Cai Lingrui, Williamson Craig, Nguyen Andrew, Wittrup Emily, Najarian Kayvan
Department of Computational Medicine and Bioinformatics, University of Michigan, 2800 Plymouth Road, Ann Arbor, 48109 MI USA.
Department of Neurosurgery and Neurology, University of Michigan, 1500 E. Medical Center Drive, Ann Arbor, 48109 MI USA.
Discov Imaging. 2025;2(1):6. doi: 10.1007/s44352-025-00011-4. Epub 2025 May 26.
Hematoma segmentation in traumatic brain injury (TBI) is critical for accurate diagnosis and effective treatment planning. In this study, we evaluate various automated segmentation models, including stat-of-the-art architecture as benchmarks, and compare their performance with our proposed SAM-Adapter method for segmenting hematomas in brain CT scans. By incorporating the adapter into the vanilla SAM model, we address the challenges in medical imaging, which has very limited annotated datasets, enhancing model performance efficiency. We also find that domain-specific pre-processing, such as contrast adjustment, reduces the need for extensive pretraining, making the model more streamlined. And the model performance benefited with optimization and hyperparameter tuning. Our results demonstrate that the SAM-Adapter model achieved strong performance and reliability in identifying hematomas with Dice (72.34%), IoU (59.78%), 95% HD (5.57), sensitivity (75.39%) and specificity (99.73%). Inter-observer variability was assessed, revealing that the model's performance Dice (67.20%) was closely aligned with human expert agreement Dice (63.79%), suggesting its potential clinical utility. The external validation on the HemSeg-200 dataset, which contains 222 scans, demonstrates the robustness of our approach across diverse cases.

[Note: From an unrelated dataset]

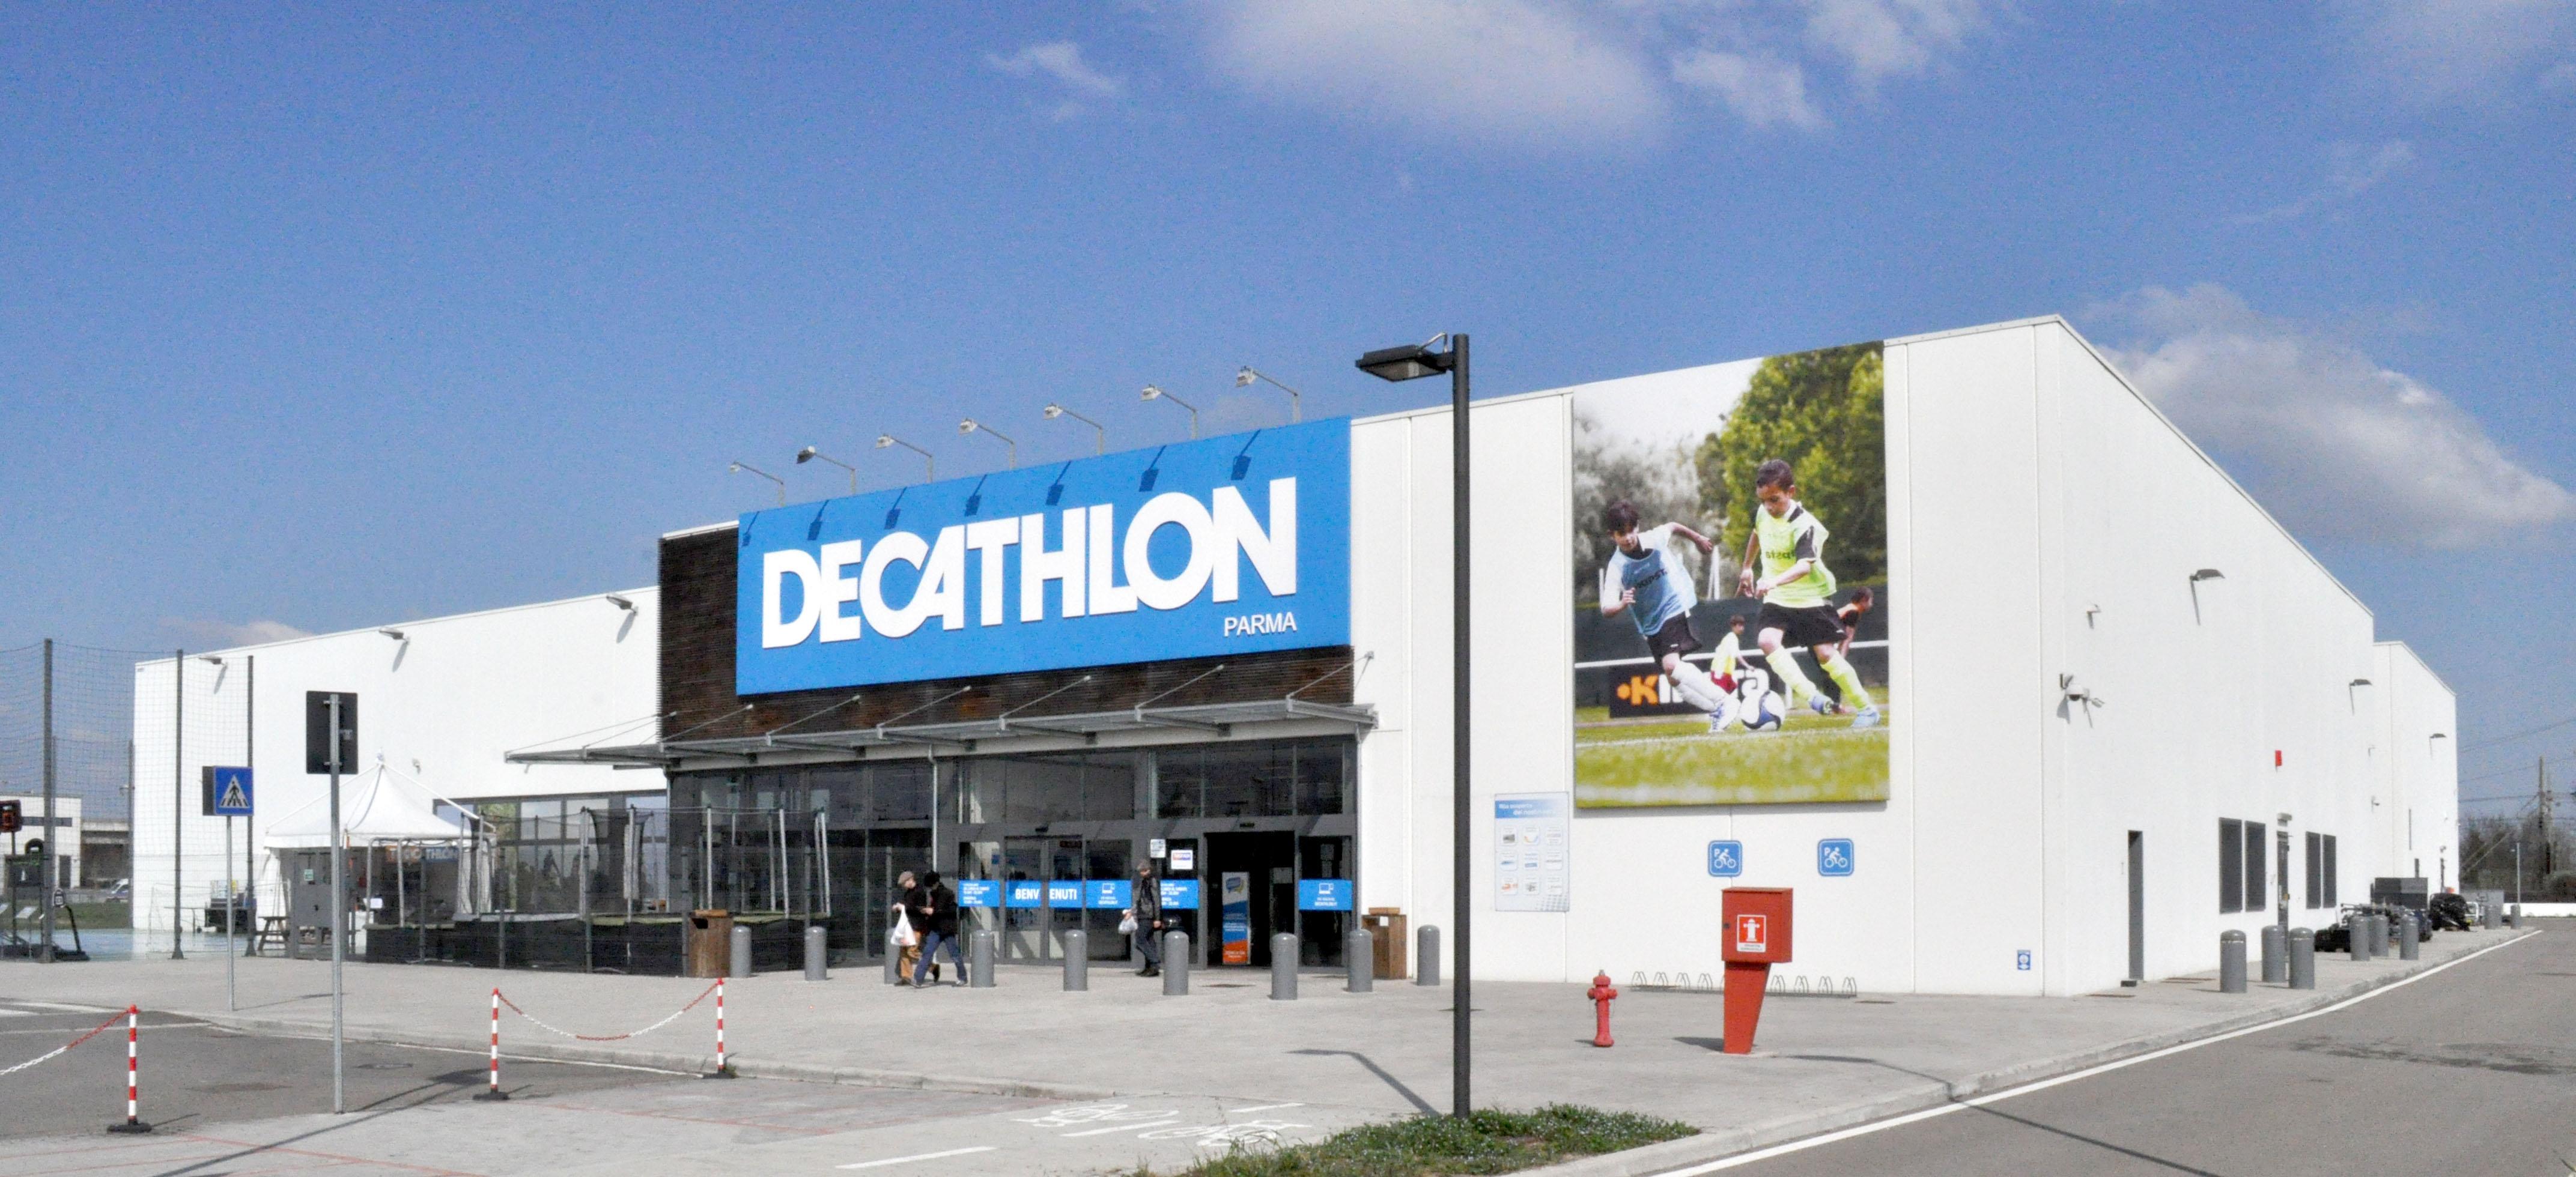 Thumbnail Decathlon Parma / 5

These advancements in automatic segmentation hold promise for improving the accuracy and efficiency of TBI diagnosis, supporting clinical decision-making, and enhancing patient outcomes.
The online version contains supplementary material available at 10.1007/s44352-025-00011-4.
创伤性脑损伤(TBI)中的血肿分割对于准确诊断和有效的治疗计划至关重要。在本研究中,我们评估了各种自动分割模型,包括最先进的架构作为基准,并将它们的性能与我们提出的用于脑CT扫描中血肿分割的SAM-Adapter方法进行比较。通过将适配器纳入普通的SAM模型,我们解决了医学成像中注释数据集非常有限的挑战,提高了模型性能效率。我们还发现,特定领域的预处理,如对比度调整,减少了广泛预训练的需求,使模型更加精简。并且模型性能通过优化和超参数调整而受益。我们的结果表明,SAM-Adapter模型在识别血肿方面具有很强的性能和可靠性,其Dice系数为72.34%,IoU为59.78%,95%HD为5.57,灵敏度为75.39%,特异性为99.73%。评估了观察者间的变异性,结果显示模型的性能Dice系数(67.20%)与人类专家的一致性Dice系数(63.79%)密切相关,表明其潜在的临床实用性。对包含222次扫描的HemSeg-200数据集进行的外部验证证明了我们方法在各种情况下的稳健性。自动分割方面的这些进展有望提高TBI诊断的准确性和效率,支持临床决策,并改善患者预后。
在线版本包含可在10.1007/s44352-025-00011-4获取的补充材料。